Recorded information:
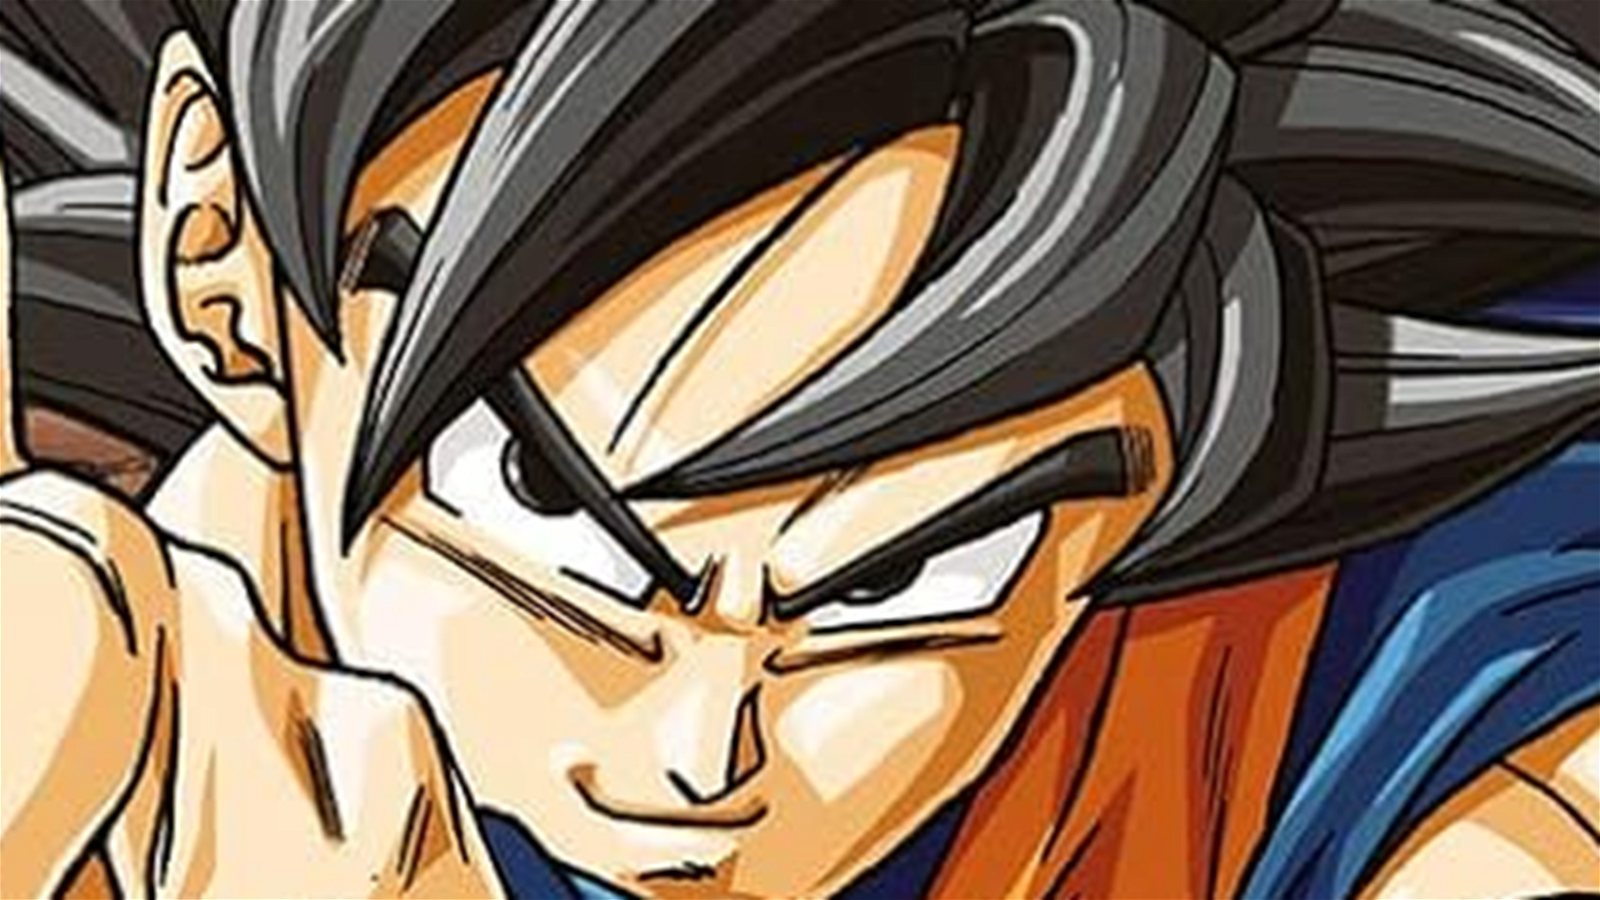 Immagine di Dragon Ball Super, Akira Toriyama ha interamente scritto gli ultimi capitoli
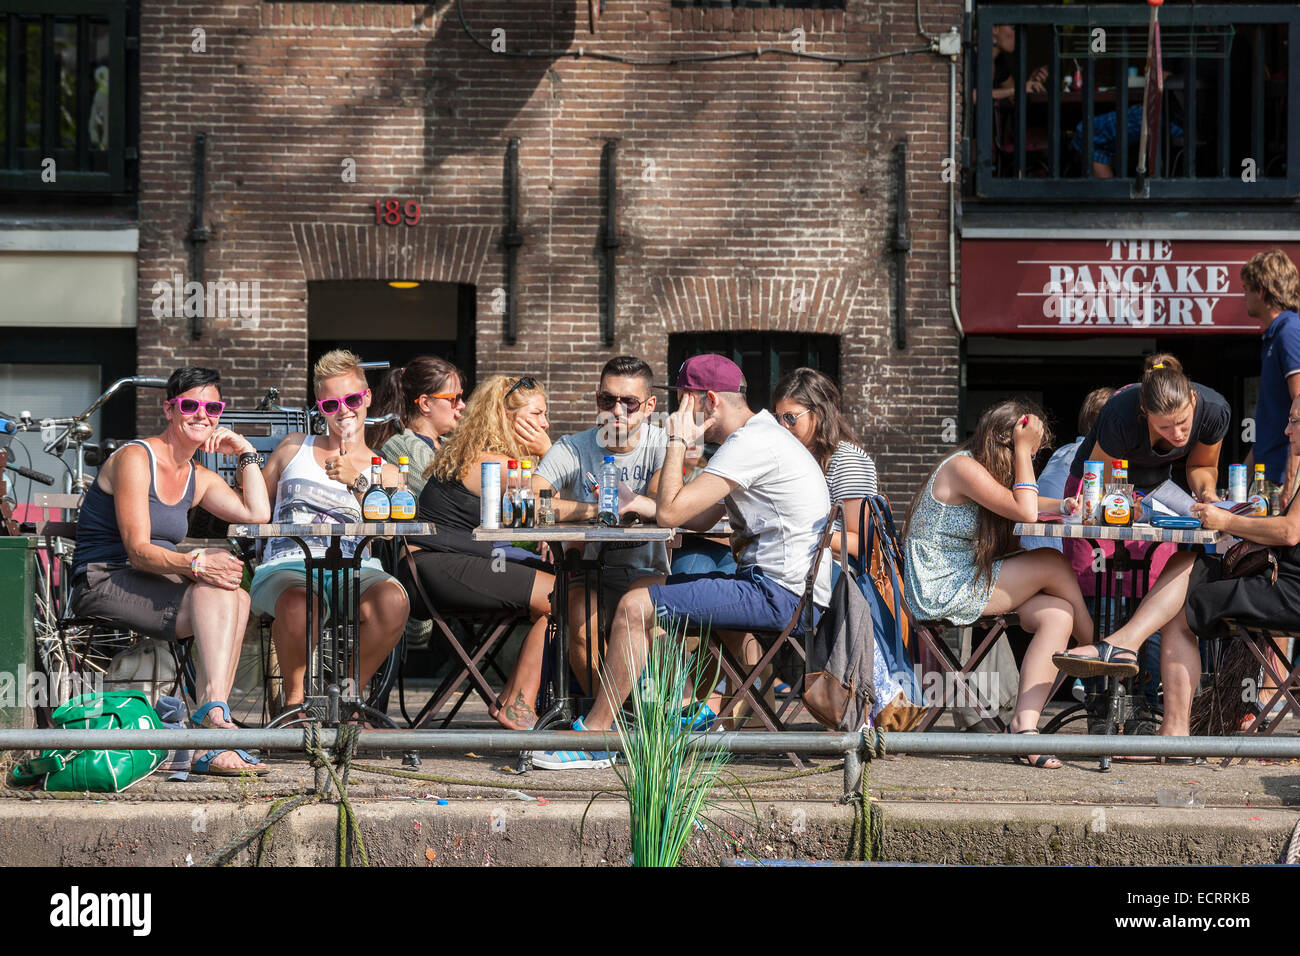 Amsterdam-Pfannkuchen-Bäckerei-Restaurant am Prinsengracht Kanal. Leute sitzen auf dem Rand des Wassers. Aus dem Kanal zu sehen. Stockfoto
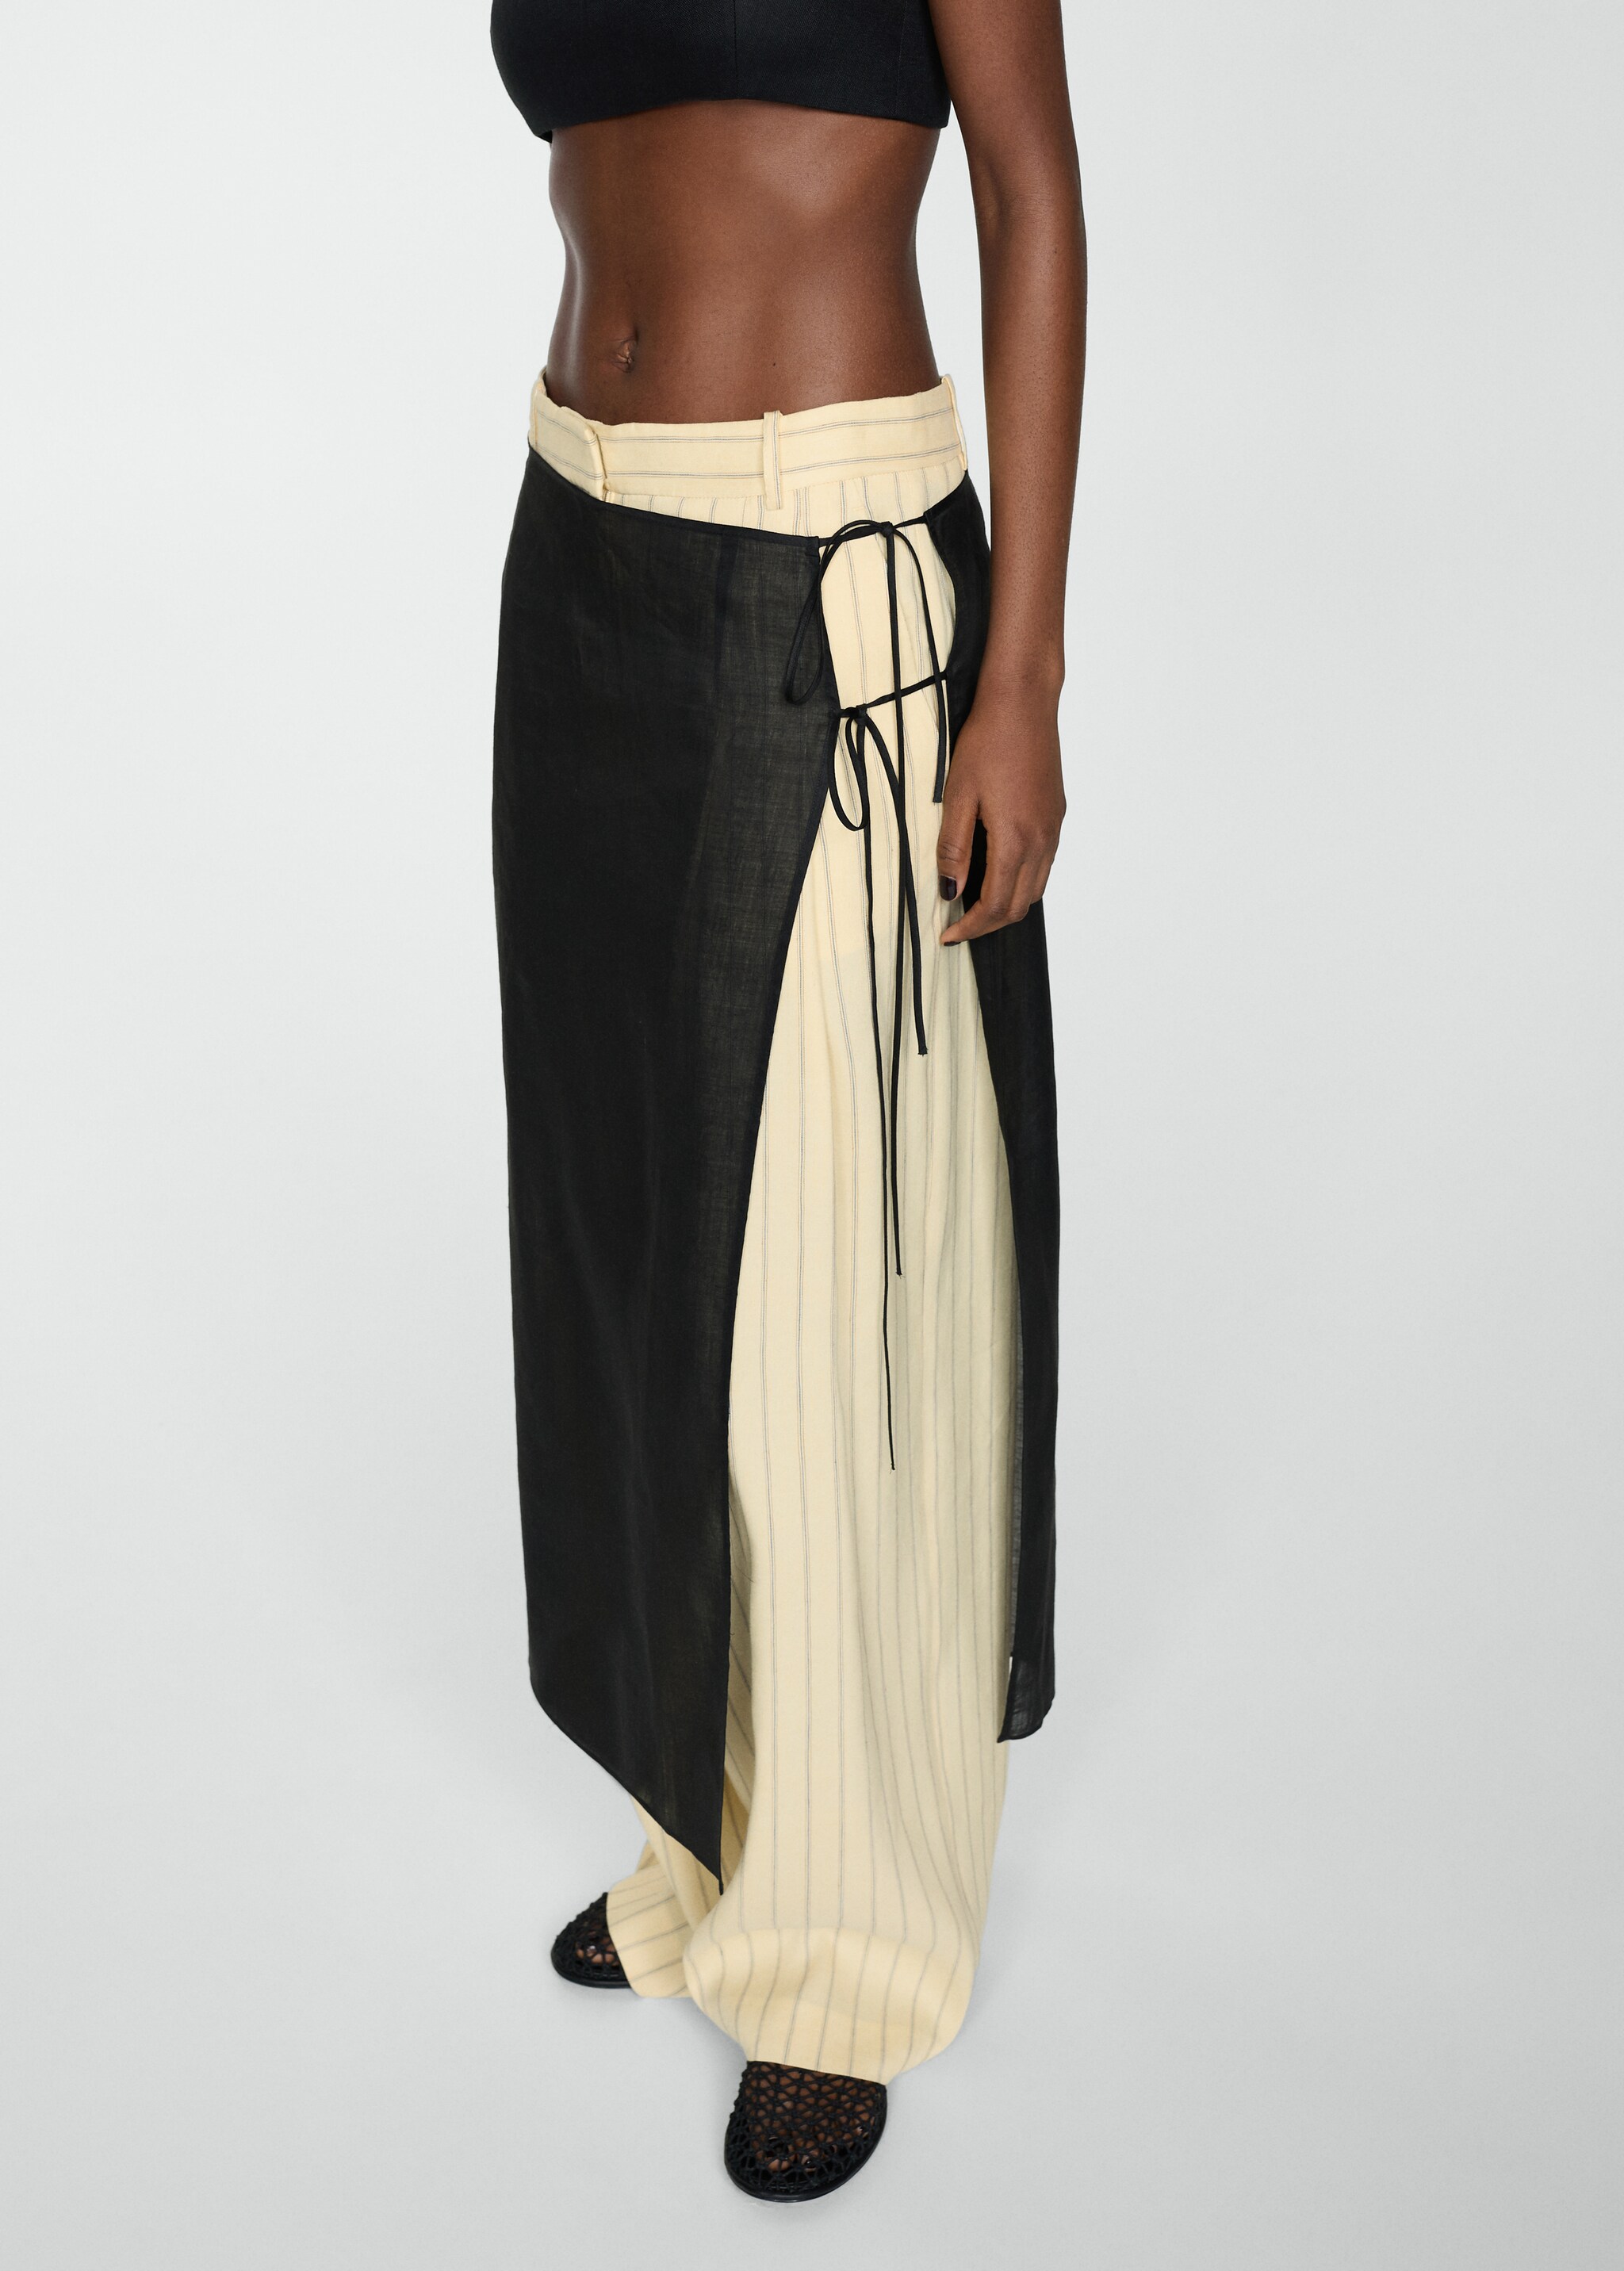 Ramio pareo skirt with slit - Medium plane

Requirement: Please reproduce all the material exactly. Pictures stay out of the copy.

Response for this exercise:
 Immagine di Dragon Ball Super, Akira Toriyama ha interamente scritto gli ultimi capitoli
 Amsterdam-Pfannkuchen-Bäckerei-Restaurant am Prinsengracht Kanal. Leute sitzen auf dem Rand des Wassers. Aus dem Kanal zu sehen. Stockfoto
 Ramio pareo skirt with slit - Medium plane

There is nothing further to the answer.